Prompt
Word for word, copy the listing below and leave out its images.

--- Data shown Enclosed Below ---

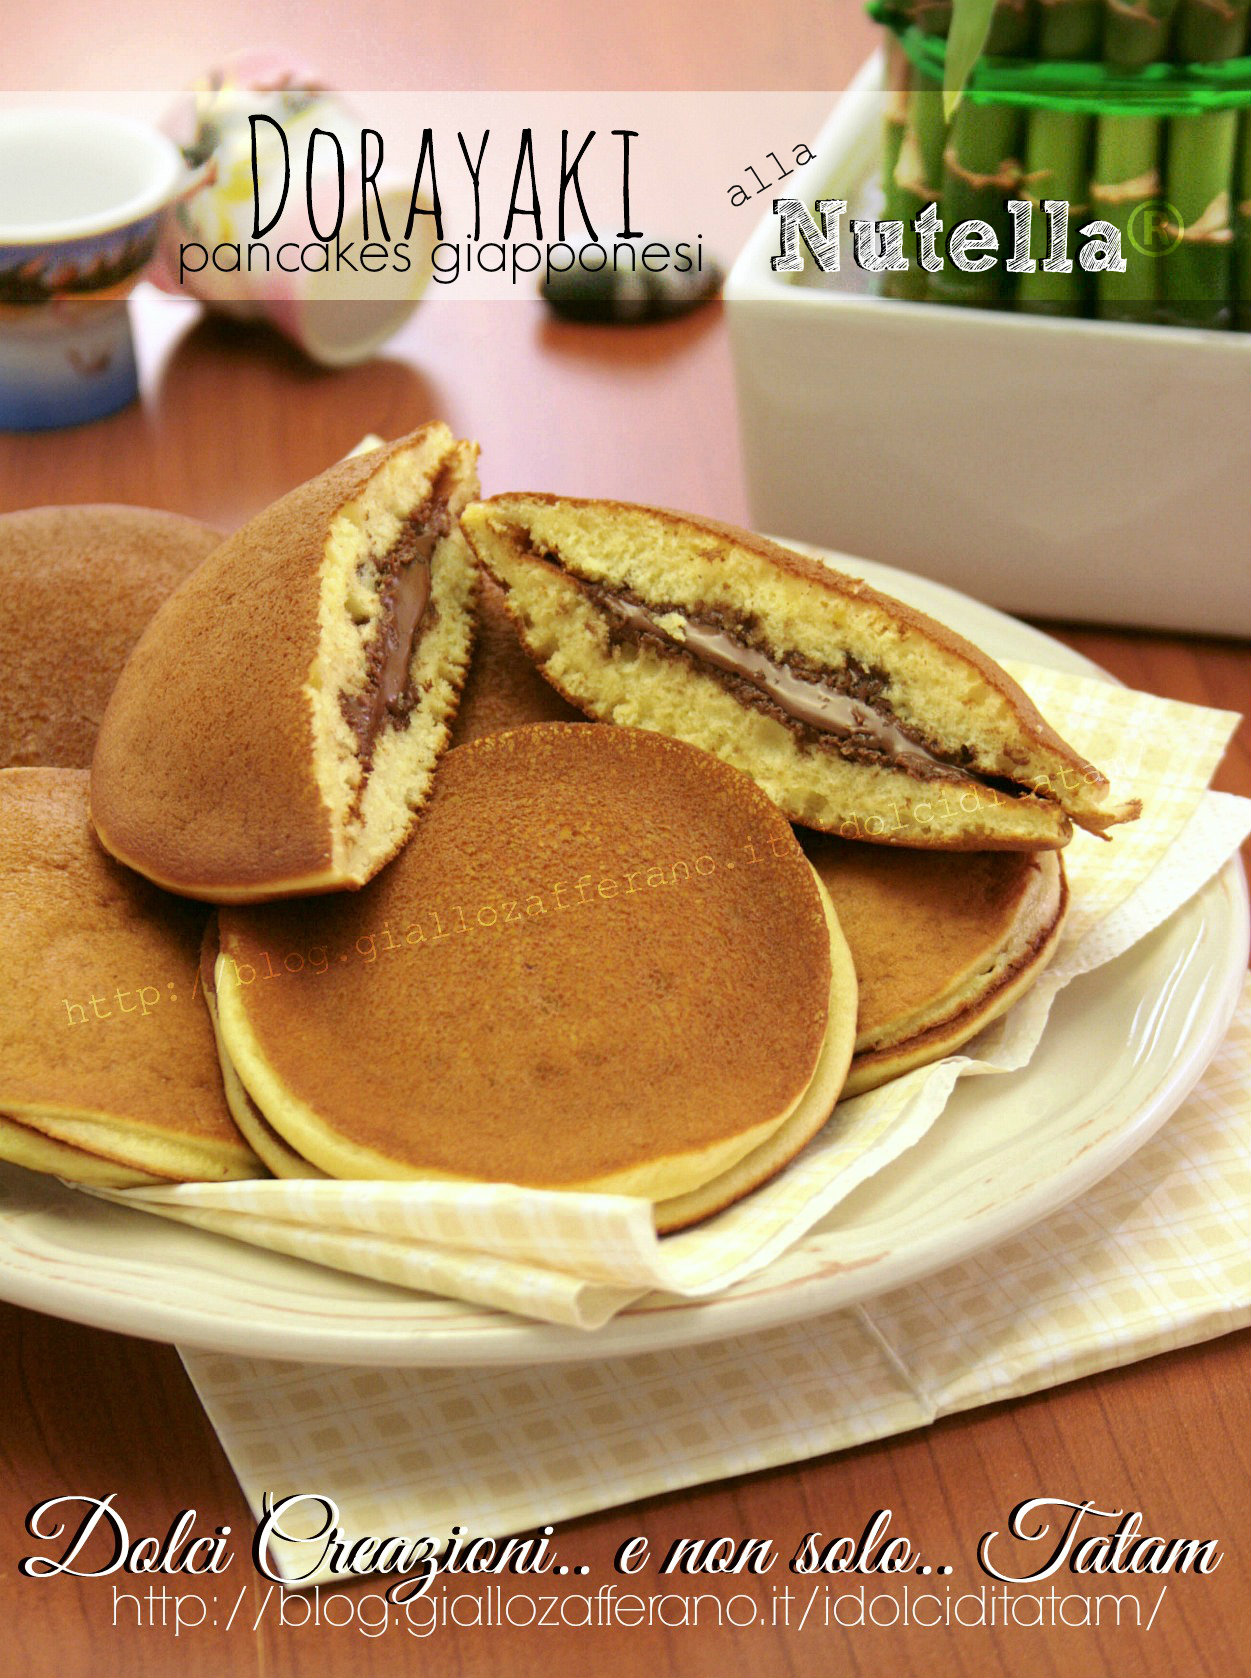 Dorayaki pancakes giapponesi alla Nutella
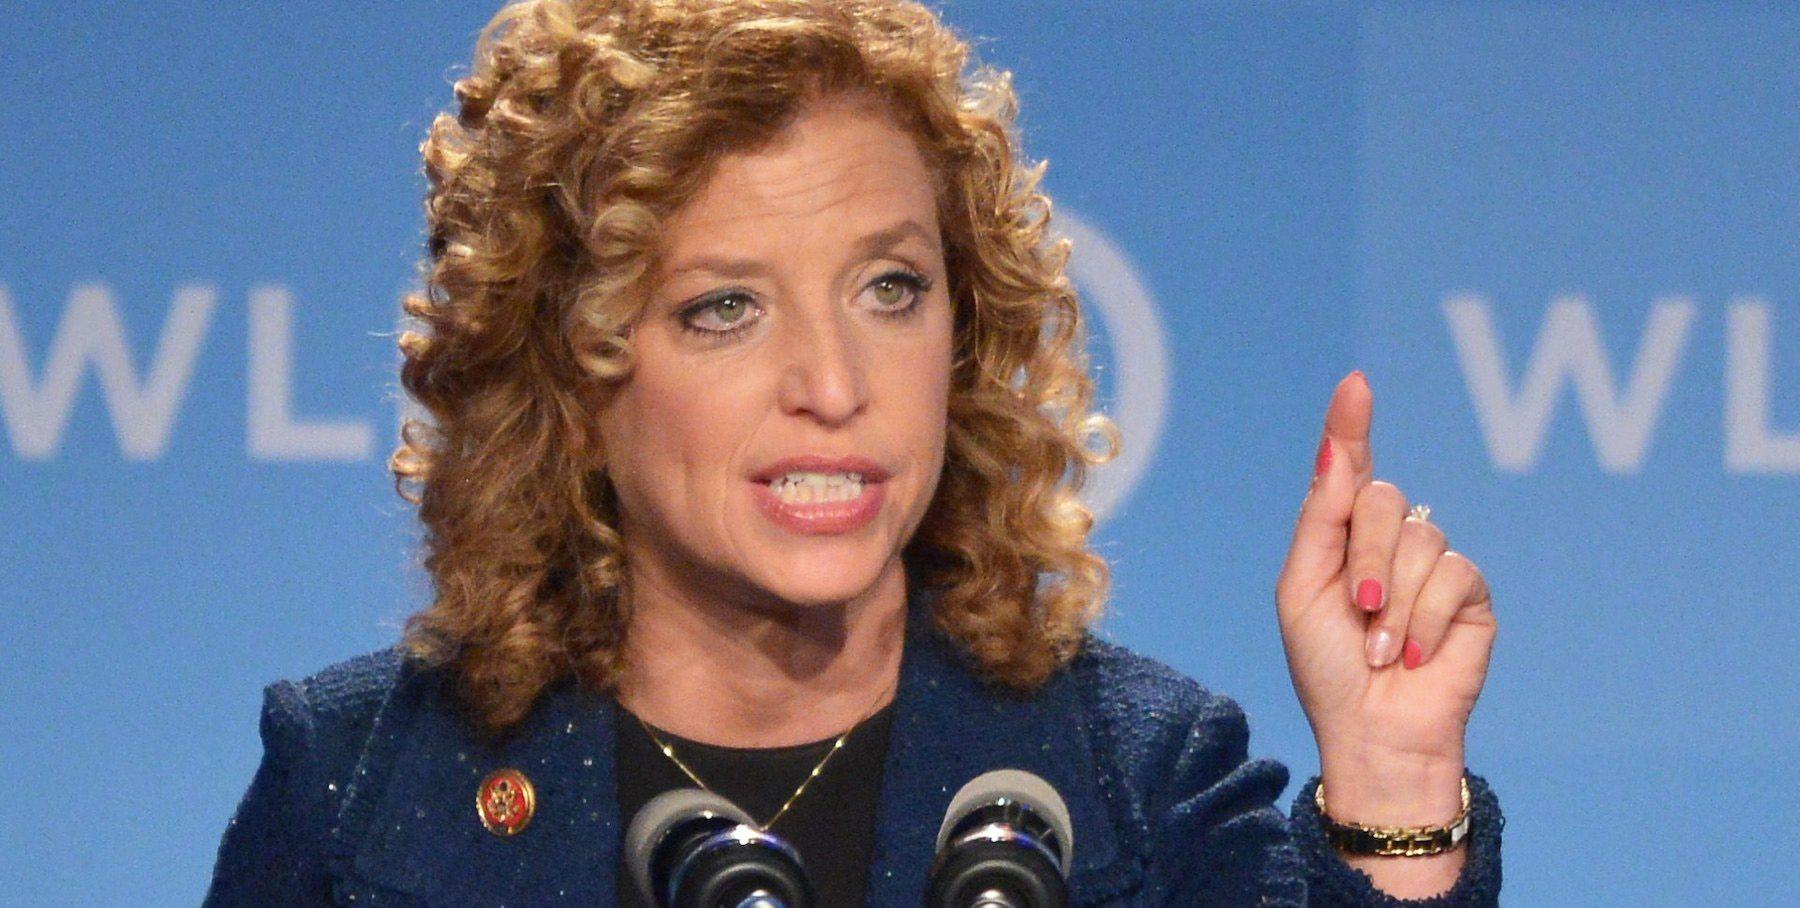 Will Debbie Wasserman Schultz Even Make It to the Convention?
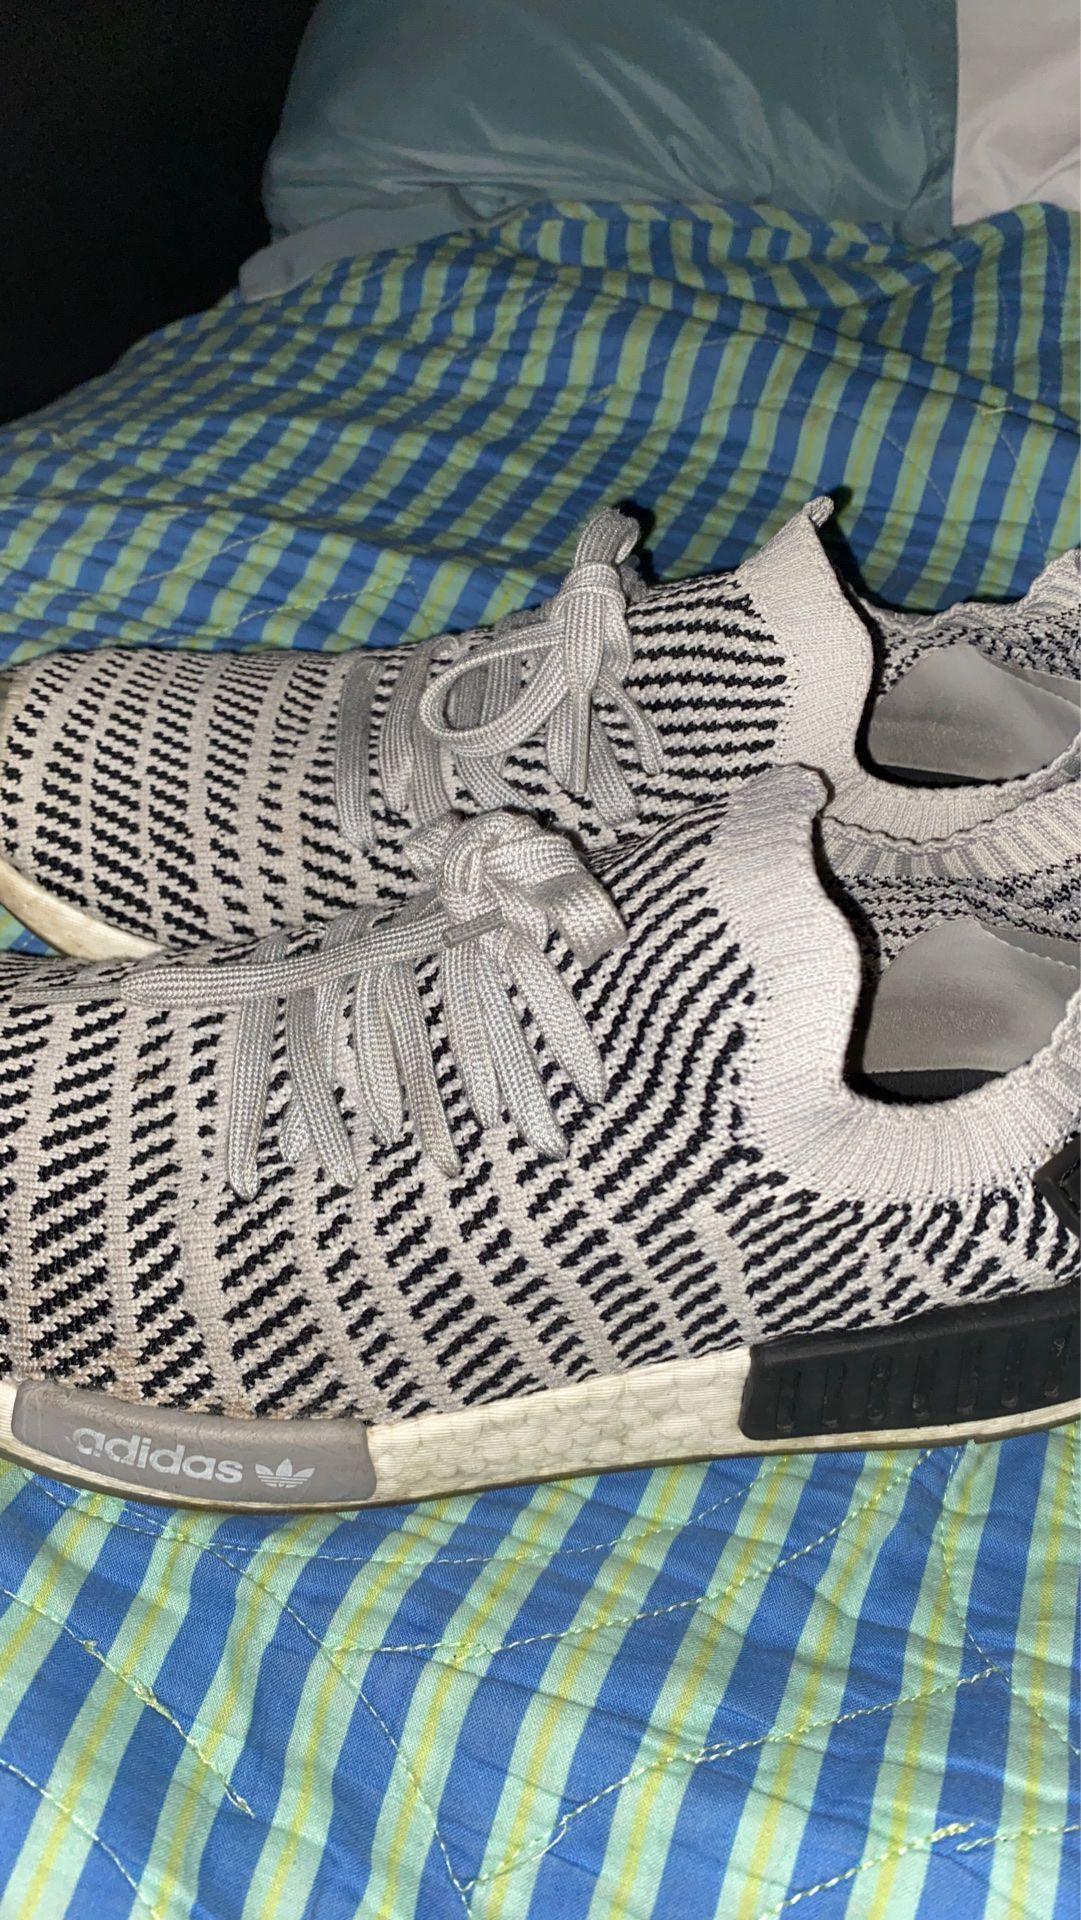 Adidas NMD_R1 Grey primeknit Size 11

--- End of Enclosed Data shown ---

Result below
 Dorayaki pancakes giapponesi alla Nutella
 Will Debbie Wasserman Schultz Even Make It to the Convention?
 Adidas NMD_R1 Grey primeknit Size 11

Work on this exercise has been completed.